Segment Open
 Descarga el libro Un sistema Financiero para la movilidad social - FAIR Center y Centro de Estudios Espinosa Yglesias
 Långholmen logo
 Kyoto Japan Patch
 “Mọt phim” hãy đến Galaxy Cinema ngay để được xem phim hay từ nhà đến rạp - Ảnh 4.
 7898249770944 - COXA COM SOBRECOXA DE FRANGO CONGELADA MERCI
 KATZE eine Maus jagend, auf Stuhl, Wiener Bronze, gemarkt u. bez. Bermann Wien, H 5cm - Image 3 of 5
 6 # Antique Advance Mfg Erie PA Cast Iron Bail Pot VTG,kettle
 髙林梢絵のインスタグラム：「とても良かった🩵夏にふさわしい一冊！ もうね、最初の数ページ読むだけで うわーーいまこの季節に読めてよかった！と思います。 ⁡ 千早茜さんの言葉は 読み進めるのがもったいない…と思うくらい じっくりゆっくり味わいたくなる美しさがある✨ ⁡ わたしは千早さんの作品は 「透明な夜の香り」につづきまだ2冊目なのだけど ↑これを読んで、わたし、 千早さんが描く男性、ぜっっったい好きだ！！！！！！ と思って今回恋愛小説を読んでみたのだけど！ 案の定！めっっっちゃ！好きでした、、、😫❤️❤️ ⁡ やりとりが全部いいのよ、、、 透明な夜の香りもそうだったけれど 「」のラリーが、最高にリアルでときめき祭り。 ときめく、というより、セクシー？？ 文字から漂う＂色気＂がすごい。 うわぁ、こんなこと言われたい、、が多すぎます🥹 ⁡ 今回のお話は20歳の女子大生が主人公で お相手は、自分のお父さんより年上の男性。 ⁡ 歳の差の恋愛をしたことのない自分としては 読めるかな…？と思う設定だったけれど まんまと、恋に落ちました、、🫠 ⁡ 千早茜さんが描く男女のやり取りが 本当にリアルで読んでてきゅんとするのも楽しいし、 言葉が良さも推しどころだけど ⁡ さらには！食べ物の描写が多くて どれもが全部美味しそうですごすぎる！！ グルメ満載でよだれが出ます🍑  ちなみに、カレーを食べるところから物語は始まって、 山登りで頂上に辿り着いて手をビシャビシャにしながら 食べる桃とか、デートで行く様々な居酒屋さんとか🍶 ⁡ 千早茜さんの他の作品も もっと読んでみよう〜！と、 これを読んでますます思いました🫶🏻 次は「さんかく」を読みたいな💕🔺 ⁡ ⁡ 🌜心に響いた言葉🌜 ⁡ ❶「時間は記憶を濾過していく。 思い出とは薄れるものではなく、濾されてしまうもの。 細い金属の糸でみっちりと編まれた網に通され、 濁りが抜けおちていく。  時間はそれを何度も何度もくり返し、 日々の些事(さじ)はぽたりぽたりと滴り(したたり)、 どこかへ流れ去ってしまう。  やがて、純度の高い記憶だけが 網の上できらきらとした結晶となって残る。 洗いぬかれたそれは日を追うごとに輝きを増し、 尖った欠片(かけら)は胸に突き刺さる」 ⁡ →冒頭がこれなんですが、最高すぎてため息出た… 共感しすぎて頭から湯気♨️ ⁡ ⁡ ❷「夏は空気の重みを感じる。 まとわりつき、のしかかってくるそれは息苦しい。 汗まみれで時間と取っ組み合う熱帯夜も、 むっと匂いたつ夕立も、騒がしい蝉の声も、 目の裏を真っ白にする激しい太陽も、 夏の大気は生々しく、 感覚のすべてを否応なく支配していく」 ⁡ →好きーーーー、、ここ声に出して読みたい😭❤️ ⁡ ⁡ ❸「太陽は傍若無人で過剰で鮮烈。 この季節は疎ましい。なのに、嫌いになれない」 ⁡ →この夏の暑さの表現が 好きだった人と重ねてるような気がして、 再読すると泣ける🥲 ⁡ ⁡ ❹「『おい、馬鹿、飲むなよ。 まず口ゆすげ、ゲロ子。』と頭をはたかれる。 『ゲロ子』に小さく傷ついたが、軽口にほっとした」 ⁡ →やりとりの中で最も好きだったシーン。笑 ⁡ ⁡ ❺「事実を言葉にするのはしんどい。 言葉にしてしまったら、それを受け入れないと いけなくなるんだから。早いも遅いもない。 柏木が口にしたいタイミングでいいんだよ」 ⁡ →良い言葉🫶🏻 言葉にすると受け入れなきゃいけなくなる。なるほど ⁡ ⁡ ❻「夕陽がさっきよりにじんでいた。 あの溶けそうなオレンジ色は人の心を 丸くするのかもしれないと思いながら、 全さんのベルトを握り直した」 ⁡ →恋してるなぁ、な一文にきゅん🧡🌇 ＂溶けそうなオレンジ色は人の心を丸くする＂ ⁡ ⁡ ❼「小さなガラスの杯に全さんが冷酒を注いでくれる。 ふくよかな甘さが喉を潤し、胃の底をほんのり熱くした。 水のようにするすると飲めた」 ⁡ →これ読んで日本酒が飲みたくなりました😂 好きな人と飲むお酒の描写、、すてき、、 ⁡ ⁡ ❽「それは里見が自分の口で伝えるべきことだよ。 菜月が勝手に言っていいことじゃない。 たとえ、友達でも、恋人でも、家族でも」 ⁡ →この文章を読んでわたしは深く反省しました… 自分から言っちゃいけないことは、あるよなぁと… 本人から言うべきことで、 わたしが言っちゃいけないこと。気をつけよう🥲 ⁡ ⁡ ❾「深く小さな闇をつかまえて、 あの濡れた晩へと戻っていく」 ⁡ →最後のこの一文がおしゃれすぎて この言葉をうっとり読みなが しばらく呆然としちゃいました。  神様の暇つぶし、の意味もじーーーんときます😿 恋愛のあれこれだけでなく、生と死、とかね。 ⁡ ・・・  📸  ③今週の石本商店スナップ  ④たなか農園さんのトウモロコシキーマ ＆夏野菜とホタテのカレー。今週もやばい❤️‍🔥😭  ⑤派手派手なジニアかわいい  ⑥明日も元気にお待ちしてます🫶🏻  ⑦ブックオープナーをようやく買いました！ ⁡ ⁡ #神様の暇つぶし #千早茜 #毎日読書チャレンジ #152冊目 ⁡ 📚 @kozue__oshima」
Segment Closed
▶ Task requirements: Could you restate, word for word, the lines above from the one with "KATZE eine Maus" to the one with "6 # Antique", both included?

▶ Reply:
 KATZE eine Maus jagend, auf Stuhl, Wiener Bronze, gemarkt u. bez. Bermann Wien, H 5cm - Image 3 of 5
 6 # Antique Advance Mfg Erie PA Cast Iron Bail Pot VTG,kettle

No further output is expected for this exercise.